I had a moving experience this morning visiting an art exhibit. I went to speak with the artist and see her installation to explore a potential collaboration. The exhibit: “Are We Listening?” by visual artist Rebecca Carlton. She created hundreds of clay-homing pigeons to represent the threatened languages of the world. They hang from the space in a spiral, a migration V, and finally a circle. On the bottom of each pigeon is a language of the world and how many speakers there are for that language. Her exhibit only represents about 10% of the 7,000 spoken languages, many of those who of risk of dying out this century.

I didn’t expect to be so mesmerized by it. Perhaps I don’t visit enough art exhibits. Perhaps it was powerful because it was a private tour and I got to speak to the artist about her inspiration and her intent. We had a beautiful conversation about community and how we hear and see one another.

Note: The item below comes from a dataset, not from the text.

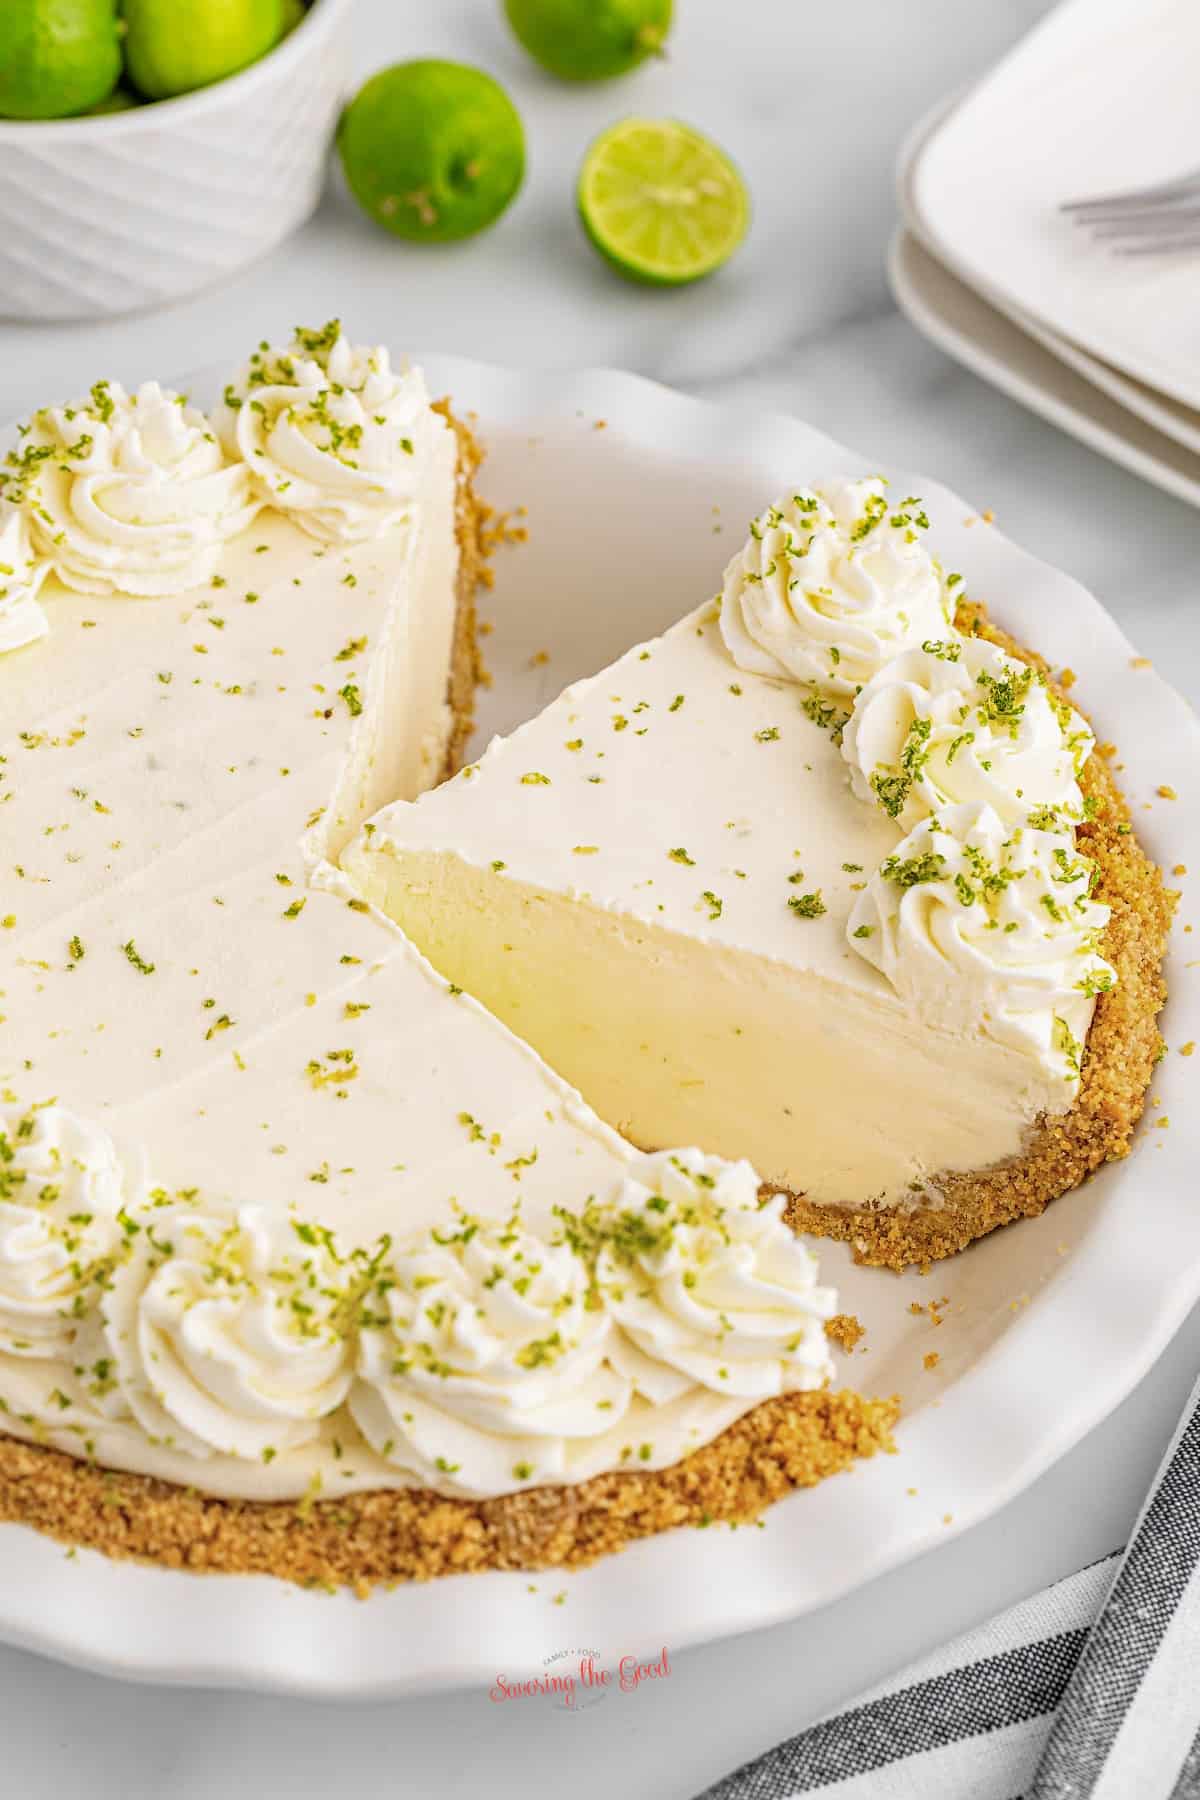 A no bake key lime pie with a slice taken out.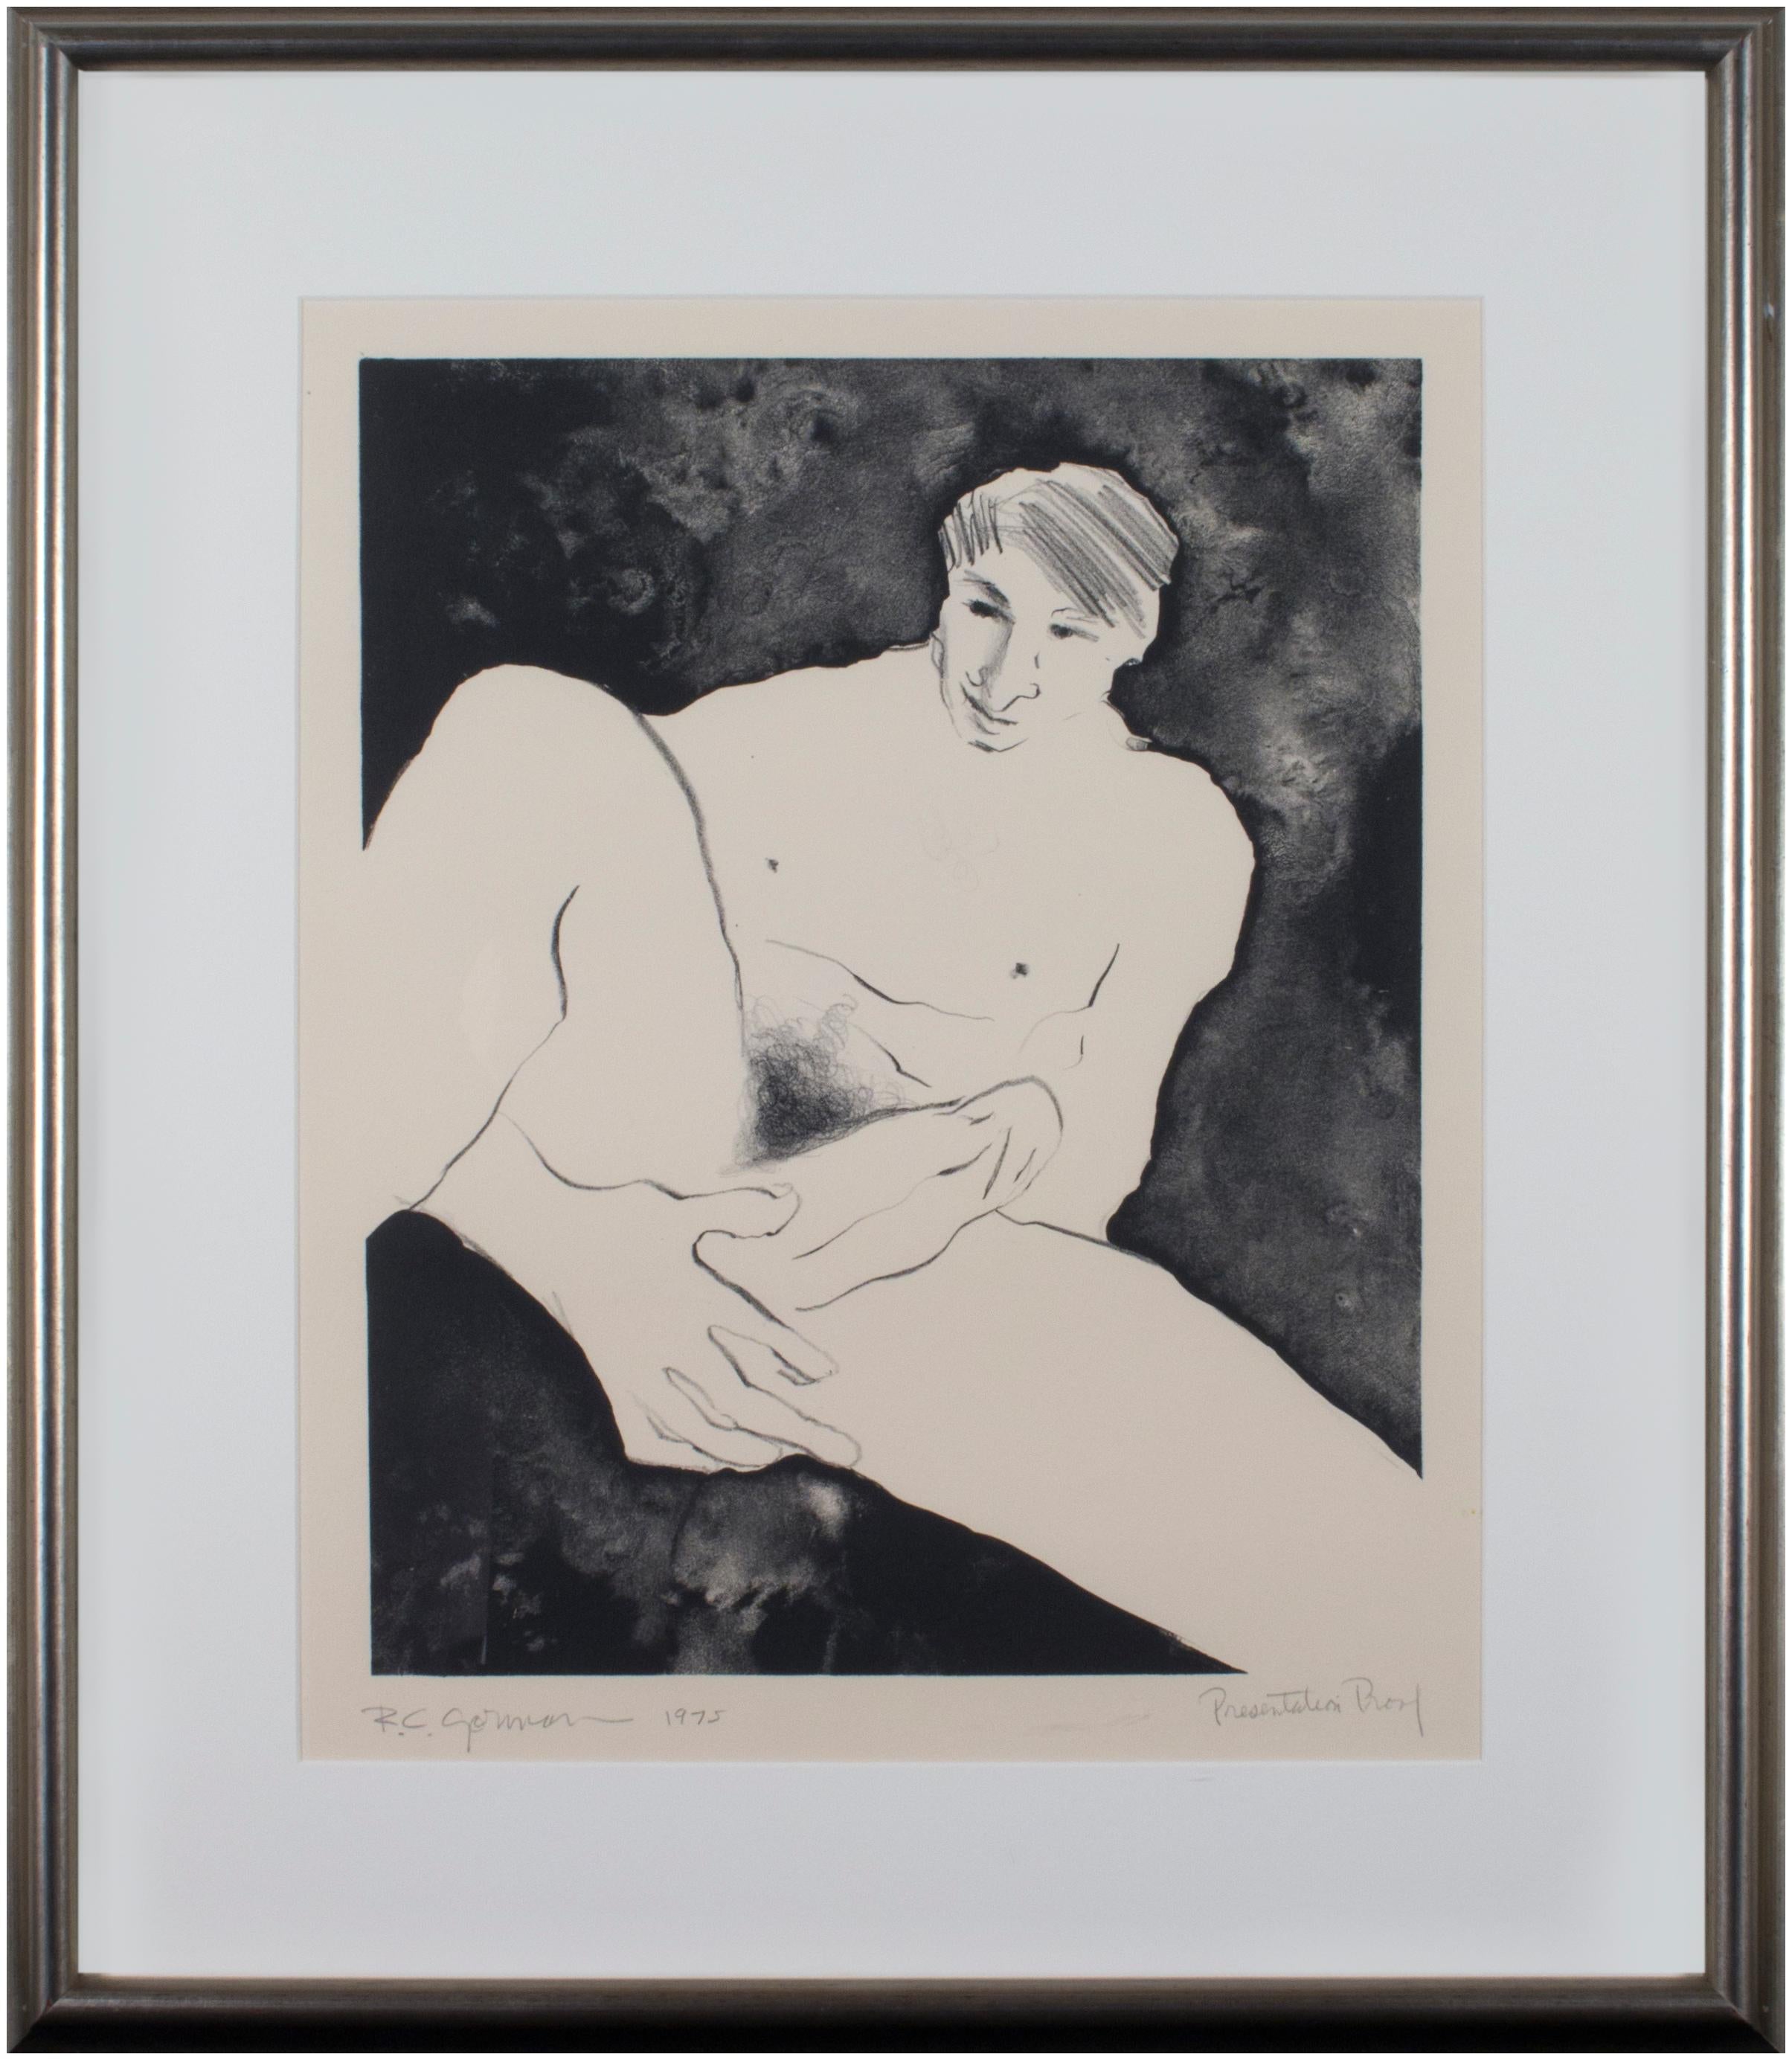 'Nude Male and Nude Female, ' original lithograph pair signed by R.C. Gorman - Contemporary Print by Rudolph Carl Gorman

I stood in front of the V of white clay pigeons when I first took in the exhibit, each hanging from a thin wire, the flock angling down so that the leader was the lowest, right in front of my face. I had this image of a community laid out before me. Or, truthfully, of that scene in Avatar: The Last Airbender when Aang meets the guru and is asked to lay out his grief before him and an image of him facing a culture of airbenders eradicated. I felt both sad and connected.

Quote on the wall outside of the “Are We Listening?” exhibit

The exhibit officially opens in late April and goes through June and my homework is to pitch a conversation or workshop I could hold in that space as a follow-up to the Words Matter program from last month that I helped organize for the League of Women Voters. I was inspired by the space and the conversation — and our stories and the power of language is definitely connected to the idea of listening to one another.

Perhaps I should be attending more art exhibits?